Foreign Affairs Minister Murray McCully yesterday said National would not be cutting the budget. However, the Government wanted to make sure NZAID, the organisation responsible for it, was operating efficiently, especially in terms of the overheads involved in running aid projects.
NZAID has already undergone four reviews and audits since its establishment in 2002, including one conducted last year by the Office of the Auditor-General on its contracting practices and financial management systems.
Mr McCully said it would be hugely unfair if the Ministry of Foreign Affairs was subject to tight rules, while there were more lax ones covering NZAID.
"That is the situation which has increasingly been occurring."
He noted that Australia was rearranging its aid spending by imposing reciprocal obligations on aid recipients and aligning aid spending with foreign policy objectives.
"That is going to ask some questions of New Zealand because we can only really achieve best value for money if we operate on a consistent footing with Australia."
National is already reviewing the last Government's $523 million expansion of the operations of the Ministry of Foreign Affairs which was scheduled to create around 300 new positions over the next five years.
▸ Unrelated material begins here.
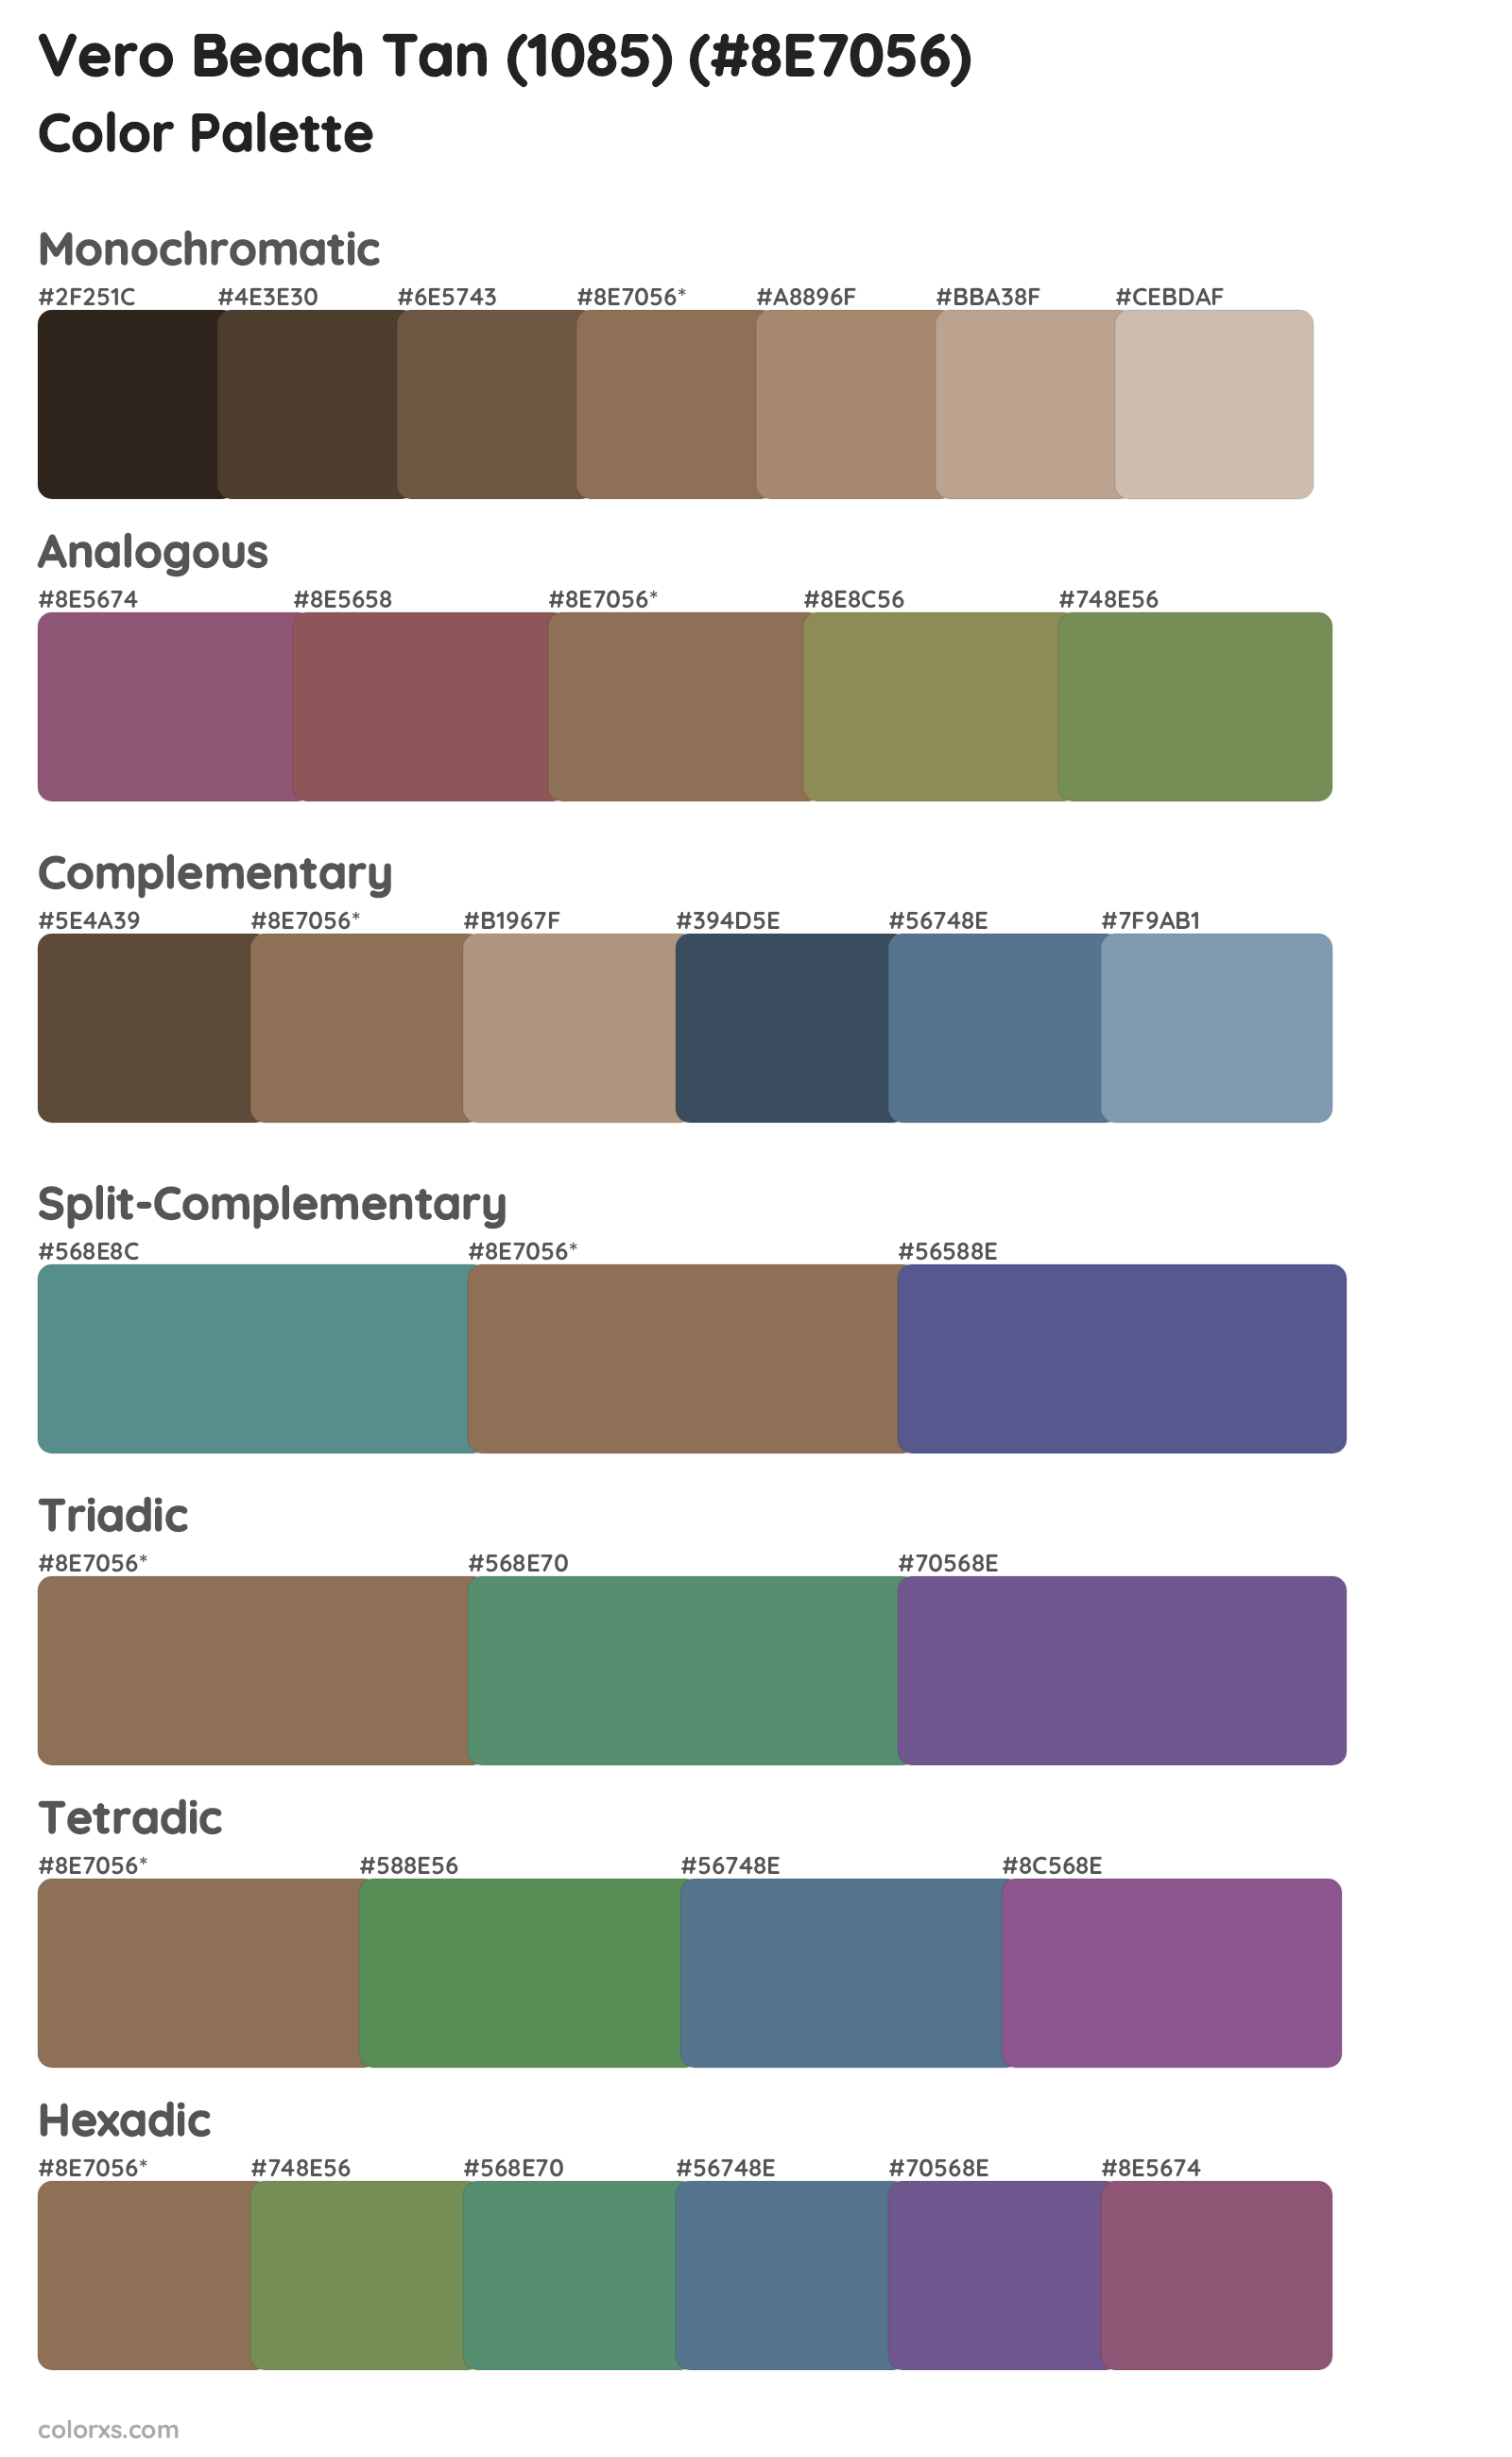 Vero Beach Tan (1085) Color Scheme Palettes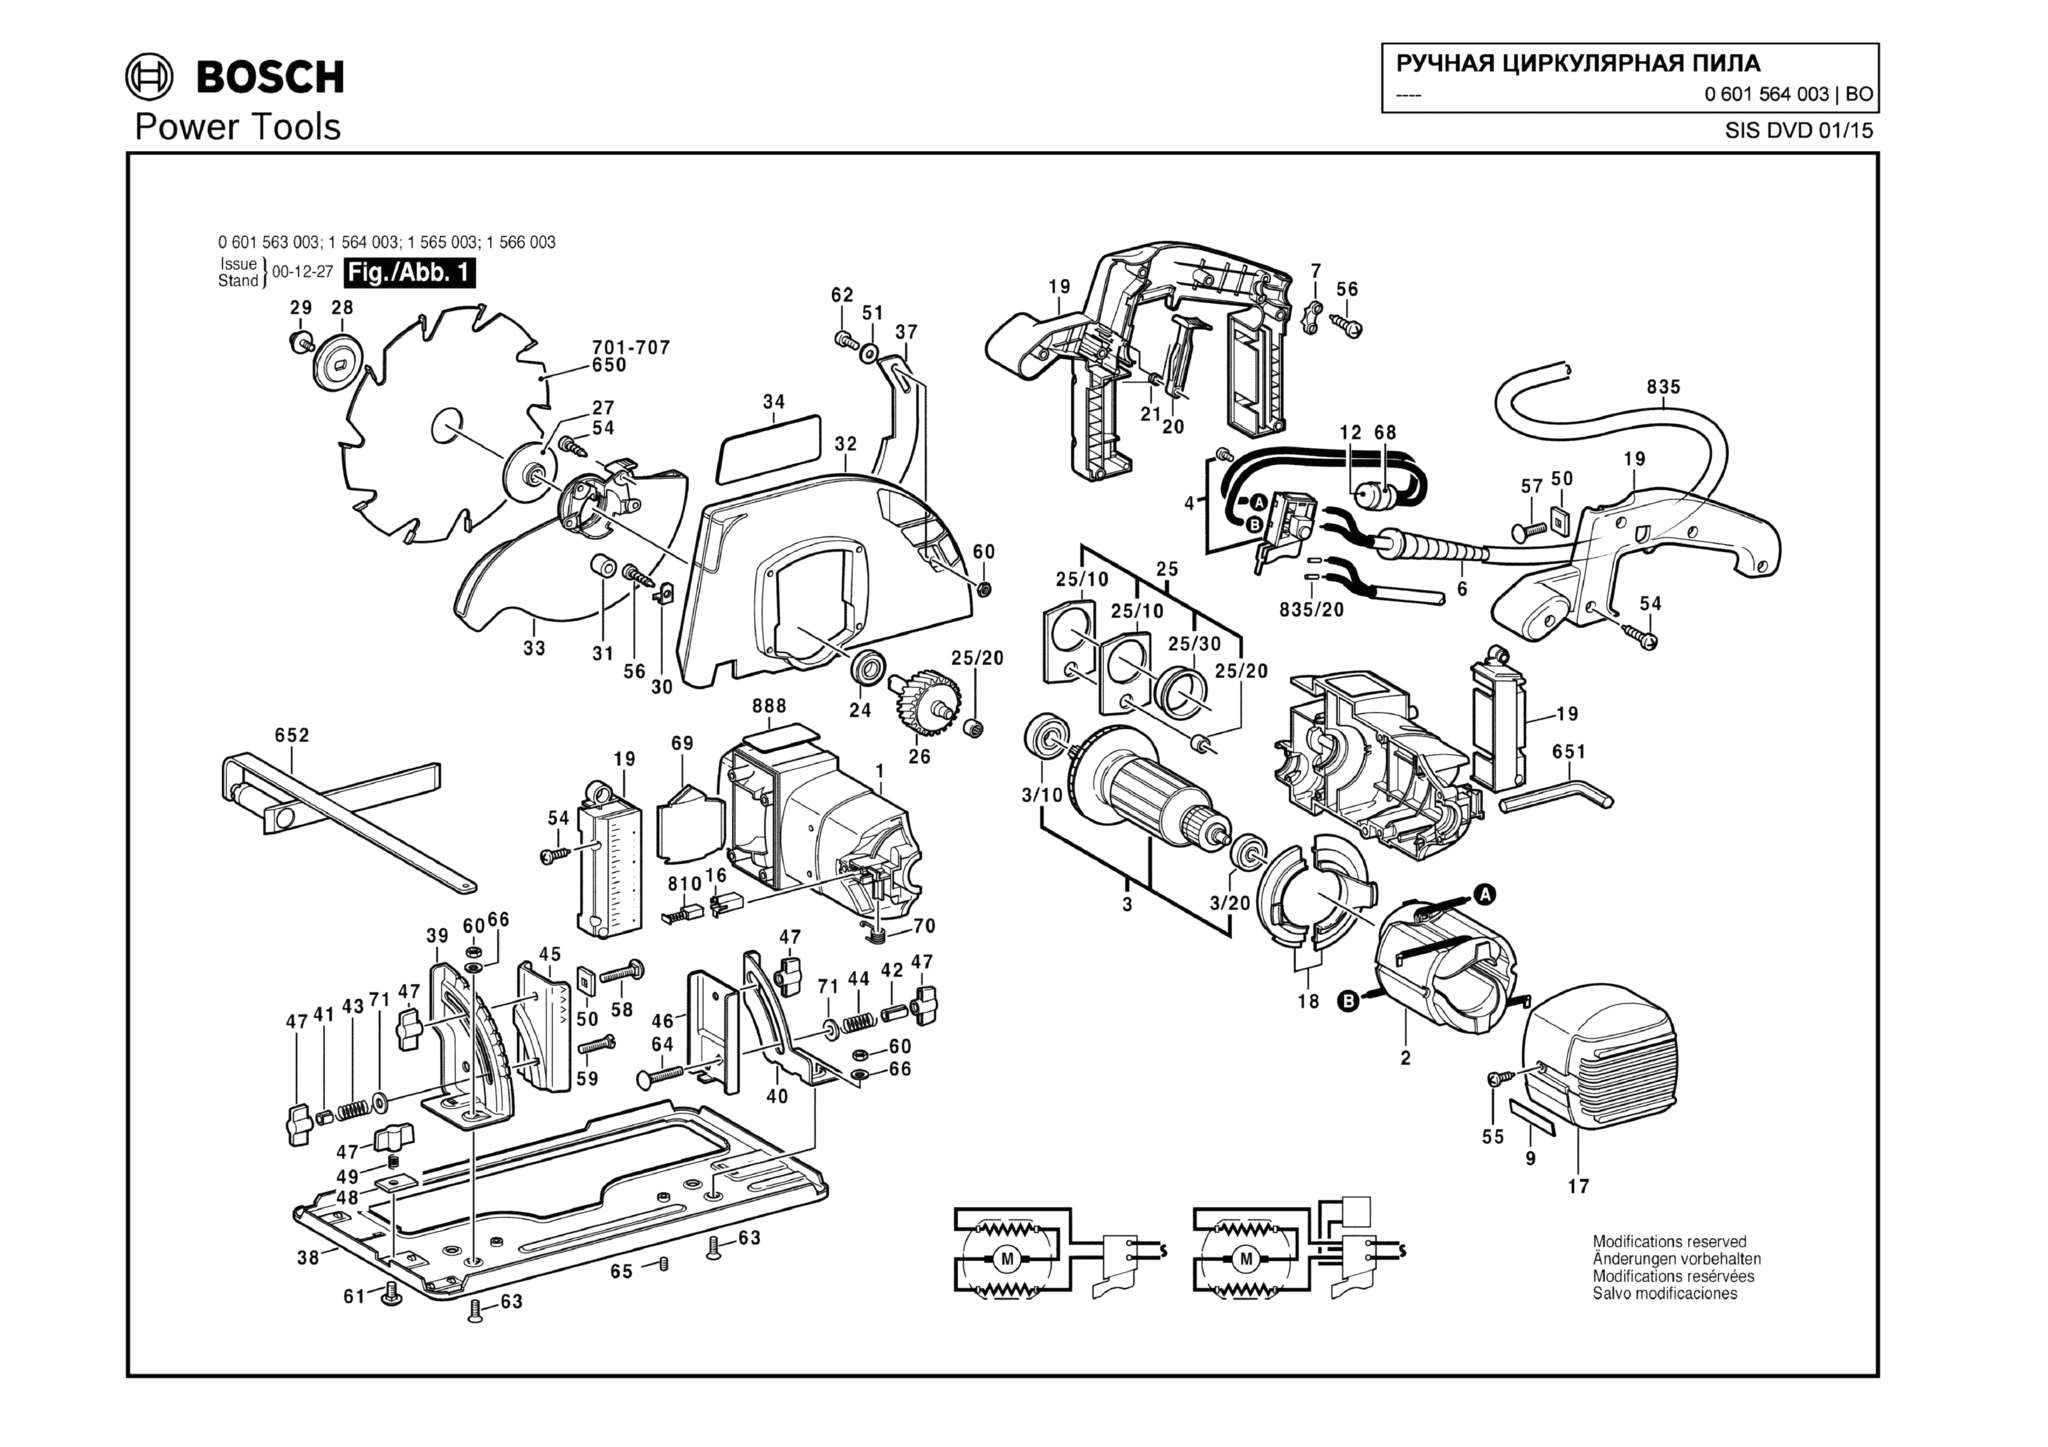 Запчасти, схема и деталировка Bosch (ТИП 0601564003)

Amidst the worsening fiscal climate, Labour Party Cabinet ministers had already determined before the election there should be an "interim slowdown" in the implementation of the package unveiled by the previous Foreign Affairs minister Winston Peters.
The ministry received the large increase in its baseline funding to maintain current capabilities against rising costs and "lift the tempo" of New Zealand's diplomatic engagement at home and abroad, according to ministry briefing papers released yesterday.
National has promised to cancel the extra spending, saying it was clearly a "political trophy" for Peters.
Mr McCully has asked ministry officials for a report detailing how much of the cash injection is now committed to such things as property leases for new embassies and extra staff already hired so that he knew the contractual obligations the ministry was under.